Alvar Agustí 1 , 2 , * , Lisa D. Edwards 3 , Stephen I. Rennard 4 , William MacNee 5 , Ruth Tal-Singer 6 , Bruce E. Miller 6 , Jørgen Vestbo 7 , 8 , David A. Lomas 9 , Peter M. A. Calverley 10 , Emiel Wouters 11 , Courtney Crim 3 , Julie C. Yates 3 , Edwin K. Silverman 12 , Harvey O. Coxson 13 , Per Bakke 14 , Ruth J. Mayer 3 , Bartolome Celli 12 , for the Evaluation of COPD Longitudinally to Identify Predictive Surrogate Endpoints (ECLIPSE) Investigators
18 May 2012
Because chronic obstructive pulmonary disease (COPD) is a heterogeneous condition, the identification of specific clinical phenotypes is key to developing more effective therapies. To explore if the persistence of systemic inflammation is associated with poor clinical outcomes in COPD we assessed patients recruited to the well-characterized ECLIPSE cohort (NCT00292552).
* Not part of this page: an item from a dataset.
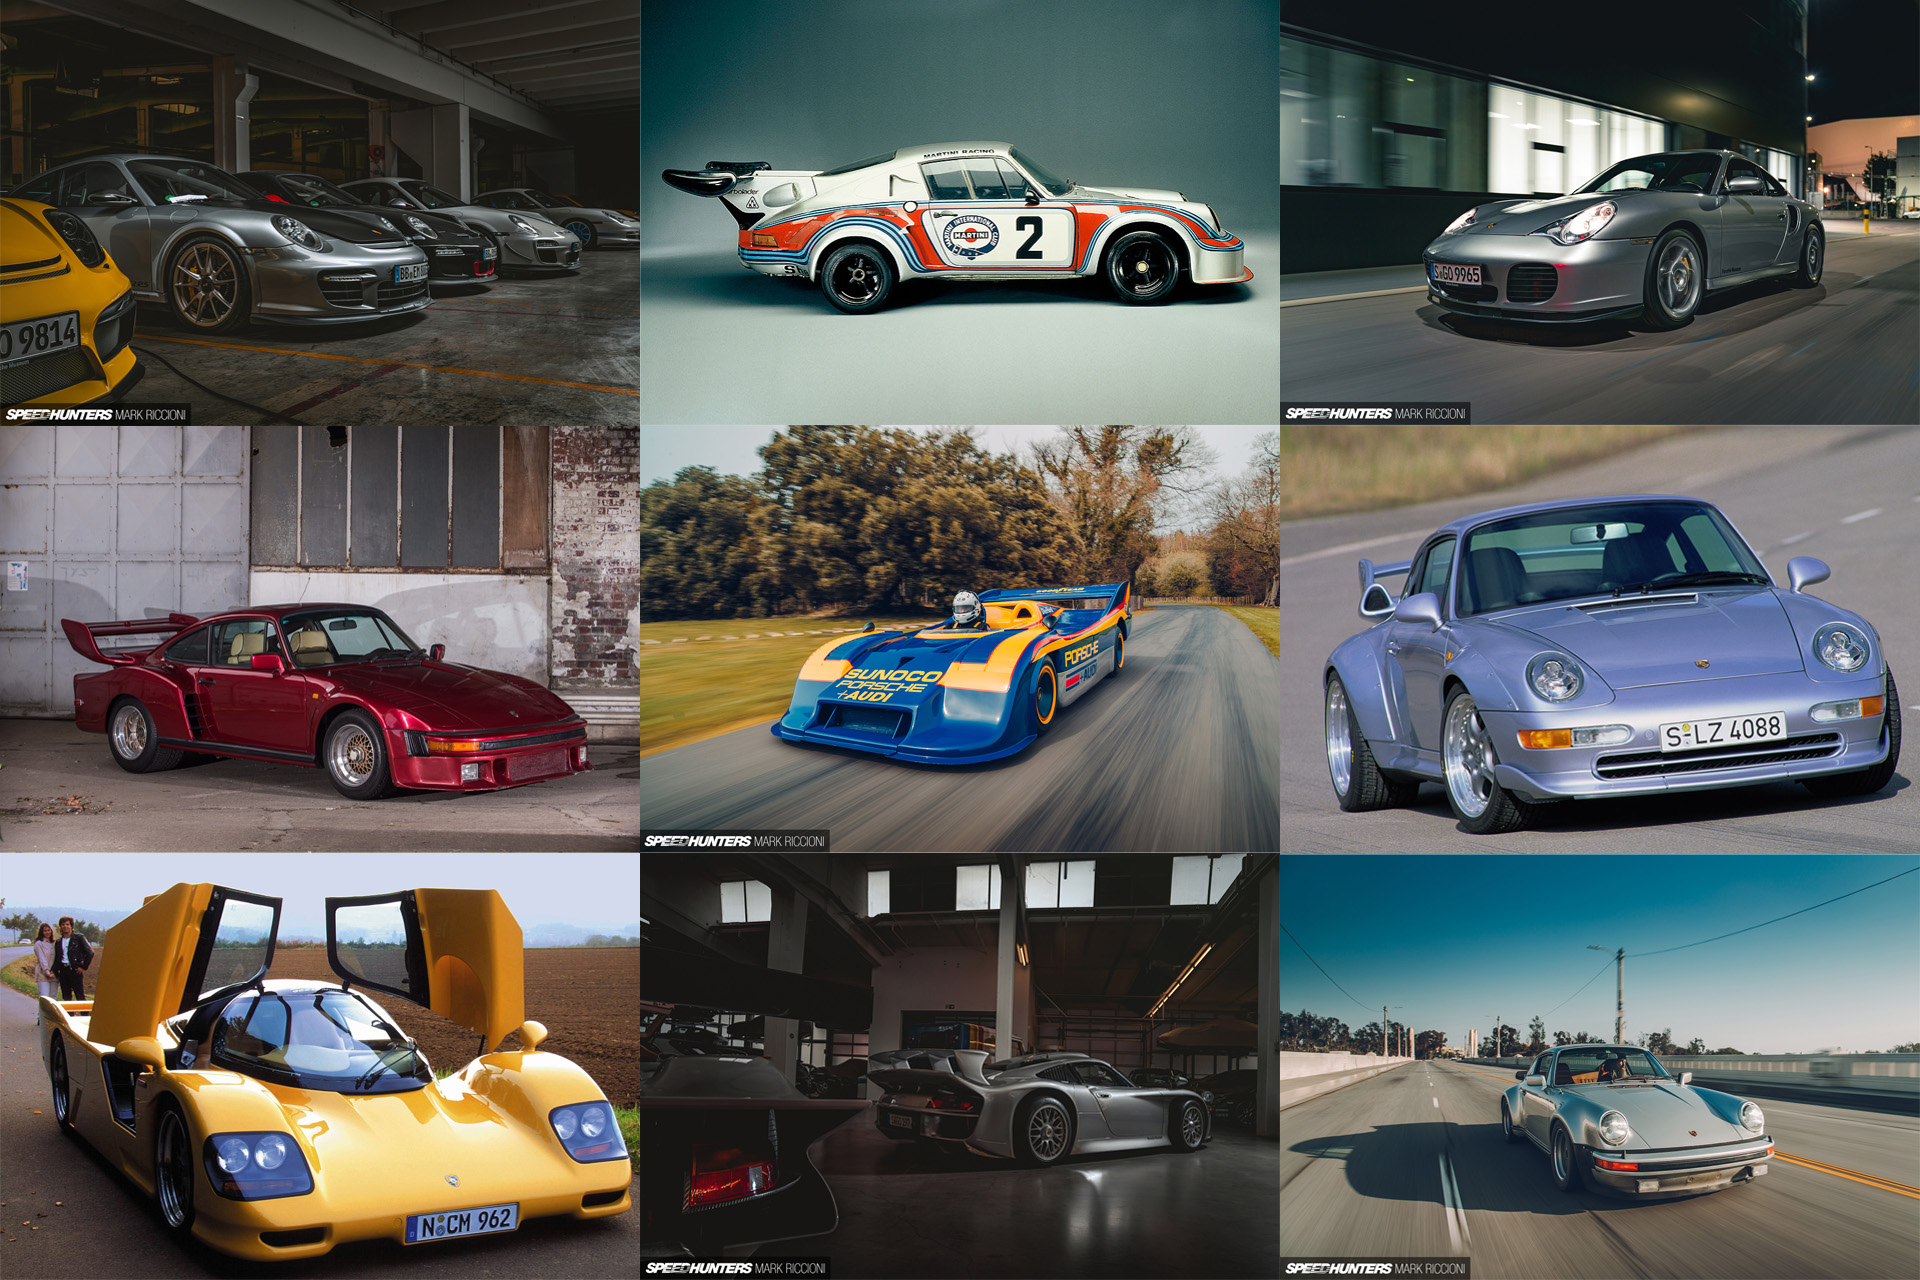 Rusland Meningsløs lede efter 10 Of The Best: Turbo Porsches - Speedhunters

Six inflammatory biomarkers in peripheral blood (white blood cells (WBC) count and CRP, IL-6, IL-8, fibrinogen and TNF-α levels) were quantified in 1,755 COPD patients, 297 smokers with normal spirometry and 202 non-smoker controls that were followed-up for three years. We found that, at baseline, 30% of COPD patients did not show evidence of systemic inflammation whereas 16% had persistent systemic inflammation. Even though pulmonary abnormalities were similar in these two groups, persistently inflamed patients during follow-up had significantly increased all-cause mortality (13% vs. 2%, p<0.001) and exacerbation frequency (1.5 (1.5) vs. 0.9 (1.1) per year, p<0.001) compared to non-inflamed ones. As a descriptive study our results show associations but do not prove causality. Besides this, the inflammatory response is complex and we studied only a limited panel of biomarkers, albeit they are those investigated by the majority of previous studies and are often and easily measured in clinical practice.